The SMALL is beautiful theme is popping up again. Here are a few worthwhile and thought-provoking posts that I'll jump into over the next week.
Sitting at my church's leadership meeting last night, I got to thinking. I'm privy to about three churches and one spiritual center's financial situation (it tends to be public information for non-profits). The first thing that crosses your mind is that maybe they ought to have an MBA on staff. Hearing of half a million dollars in operating deficit for 2004 is not unheard of. (You have no idea the insane cost of doing business in the San Francisco Bay area.)
When I got over that fleeting MBA-as-savior idea, I realized that they are all geared up to serve megachurch congregrations with their own multi-million dollar grounds and advertising and enterprise-like infrastructure.
In other words, they're set up for BIG. MBAs train for BIG. Most business books will advise you on BIG. Yet you often simply cannot take BIG ideas and transfer them directly to SMALL without disasterous results. You often need completely new thinking.
One church gets 250 in their congregration on an average Sunday, yet their infrastructure is capable of handling up 800. The real problem: All their fixed costs are set up for 800. Ouch. The other church gets about 60 average, but is set up for about 250 people. Not only do should you be able to nimbly scale up your time and resources, you need to be able to scale down. Up, down, across, sideways, whatever it takes - you have to be able to adapt flexibly and quickly. Some of these churches are having to sell property and assets to survive. And we don't know if they'll make it.
And then it hit me...
As I walked out of the meeting, I realized this blog has significantly more readers than two of these congregations combined and my deficit is thankfully less than half mil. It's almost scary, but there is so much leverage in SMALL than even I'd realized. All of a sudden, I was overwhelmed with a sense of responsibility. If I've ever given thought (I have) to being an ordained reverend, the fact that I was reaching more people than most churches do should qualm those desires. Anyway, rather than head up a church, my viewpoint sums up to:
"You can preach a better sermon with your life than with your lips."
— Oliver Goldsmith
Anyhow, I'll be tackling common misperceptions and myths around being small.

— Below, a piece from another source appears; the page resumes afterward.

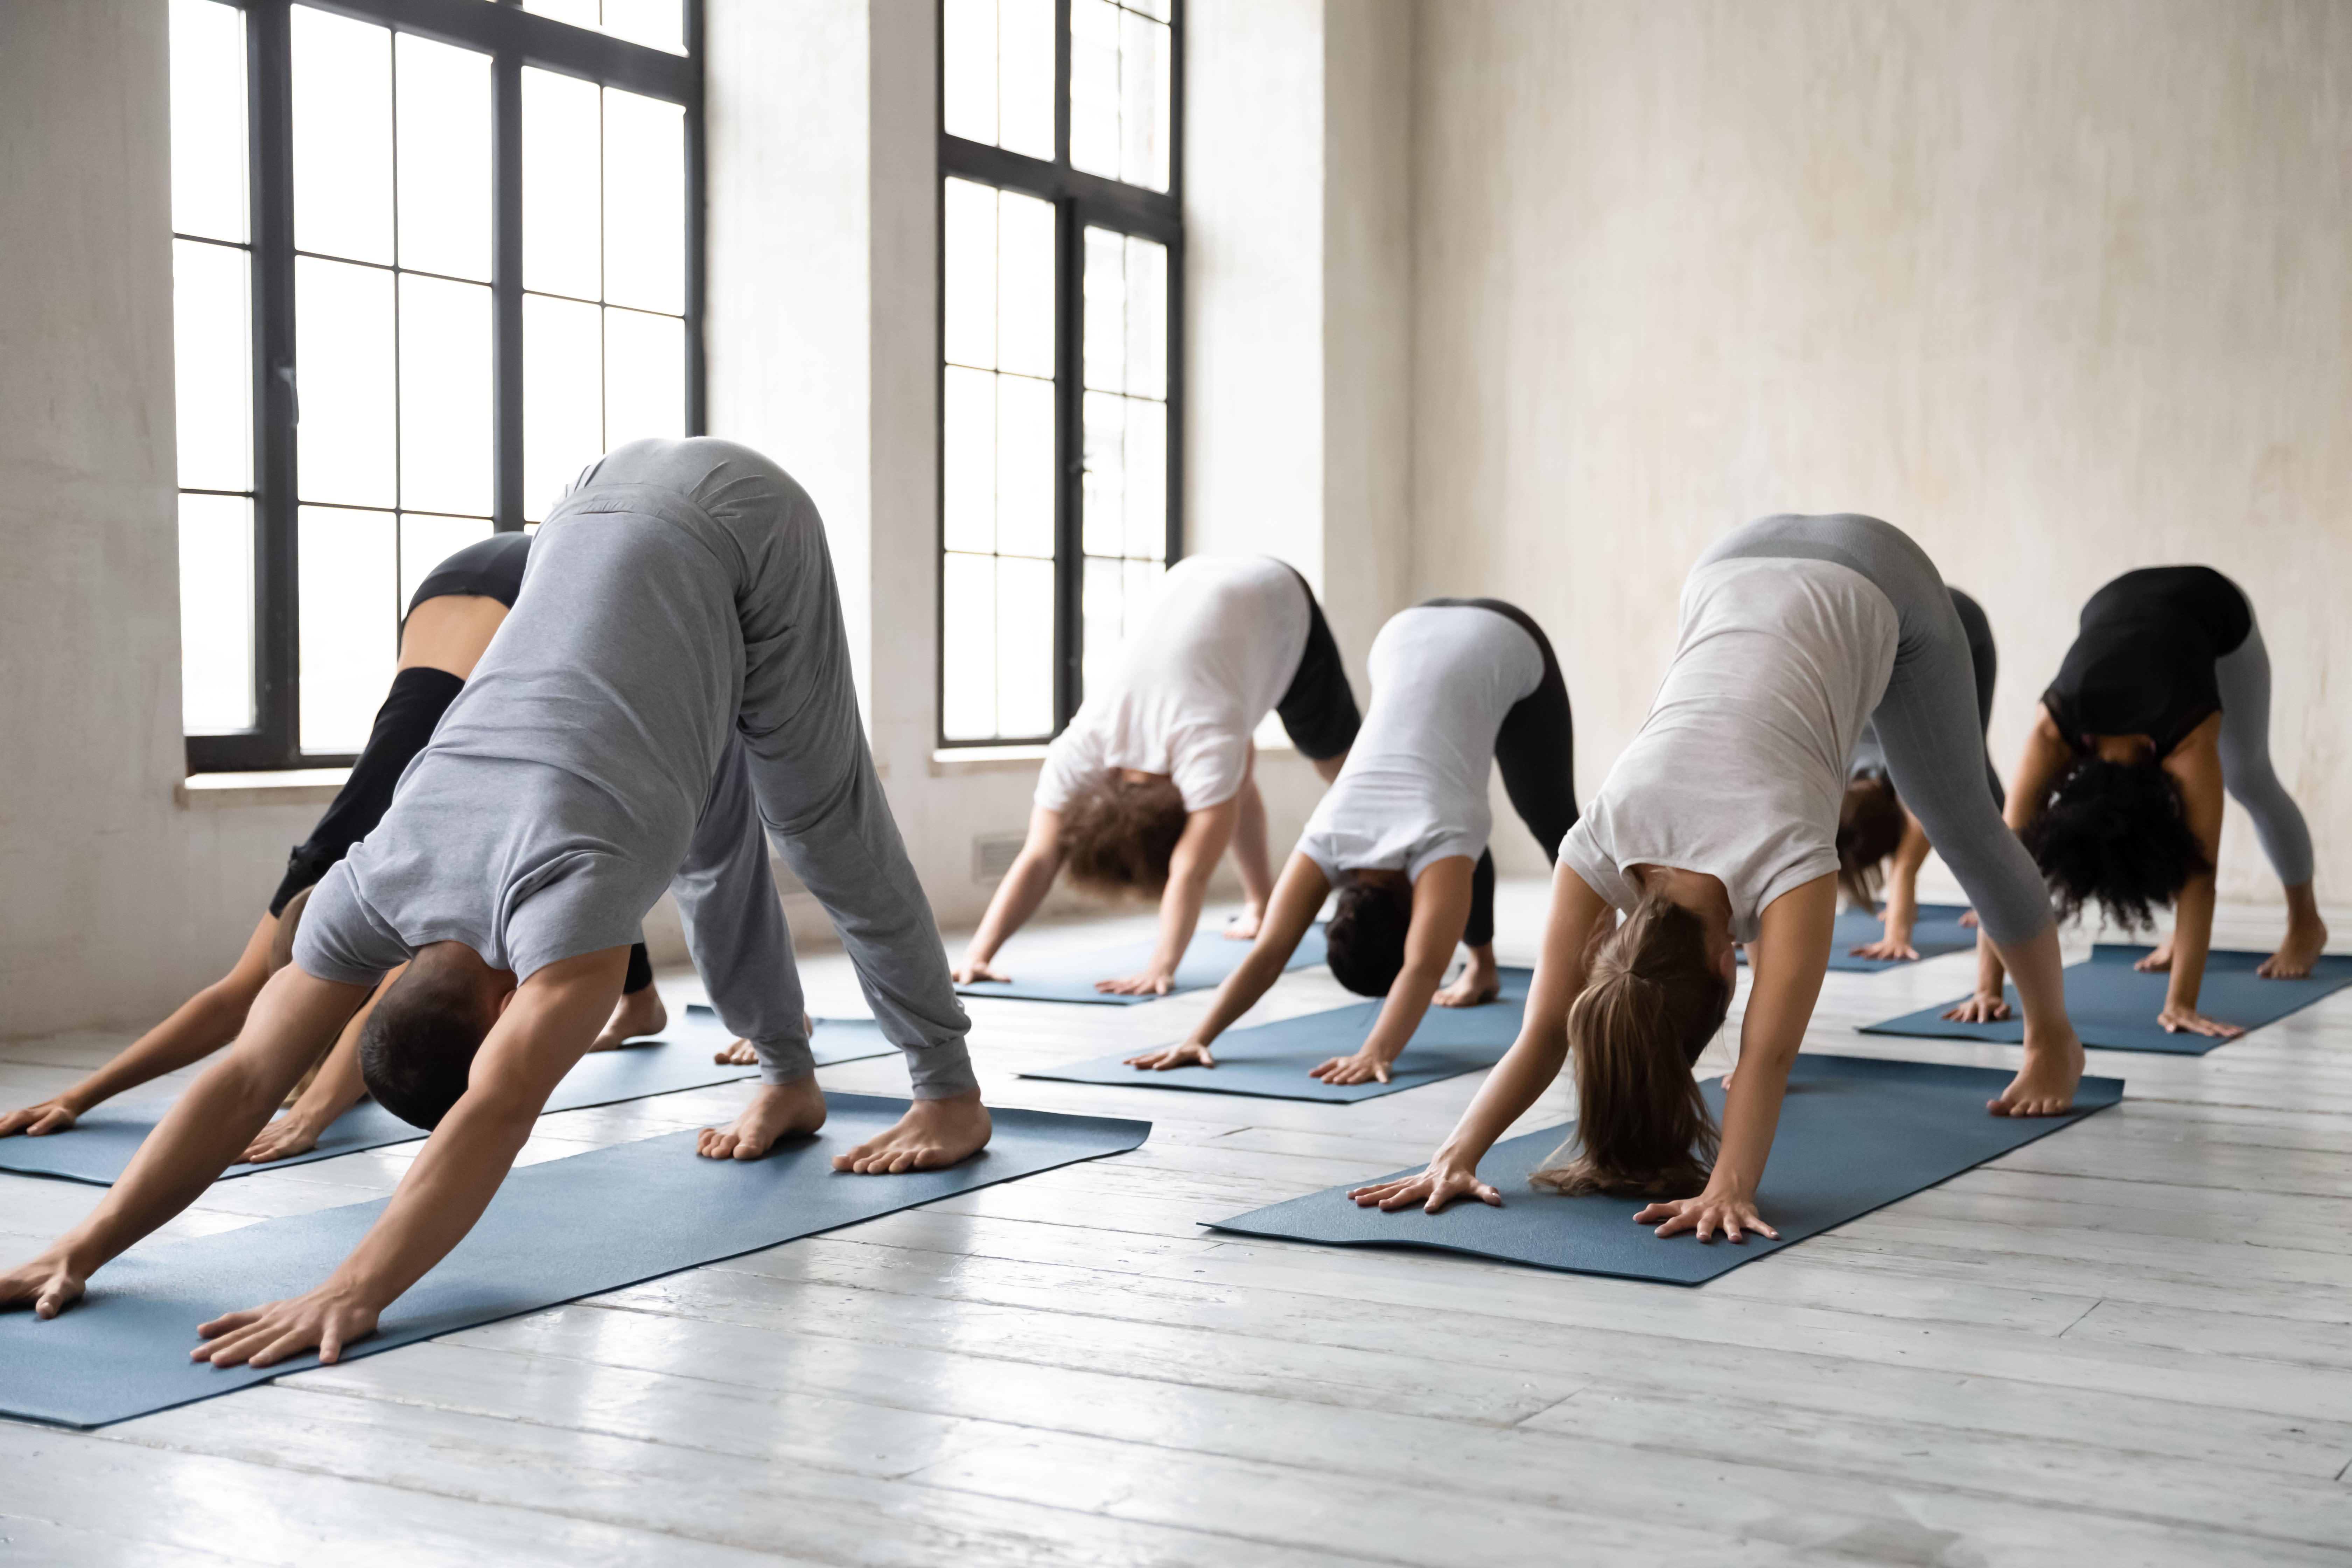 Yoga Teachers Take On QAnon

Today's Myth: "Small means that you can answer email from your customer." If I wasn't feeling so, uh, guilty, this would be hilarious. J.D. Lasica recently blogged that he was about 3000 emails behind. Fred Wilson mentioned he was thinking about declaring email bankruptcy. I don't have a solution myself, but email is an insatiable time monster no matter what your size.
Next: Authenticity is a given in SMALL. For instance, Seth says: "Small means you can tell the truth on your blog."
Next after that: The difference between hype and buzz triggered by Business 2.0's insistence on wedding hype (and blogs) with "instant companies."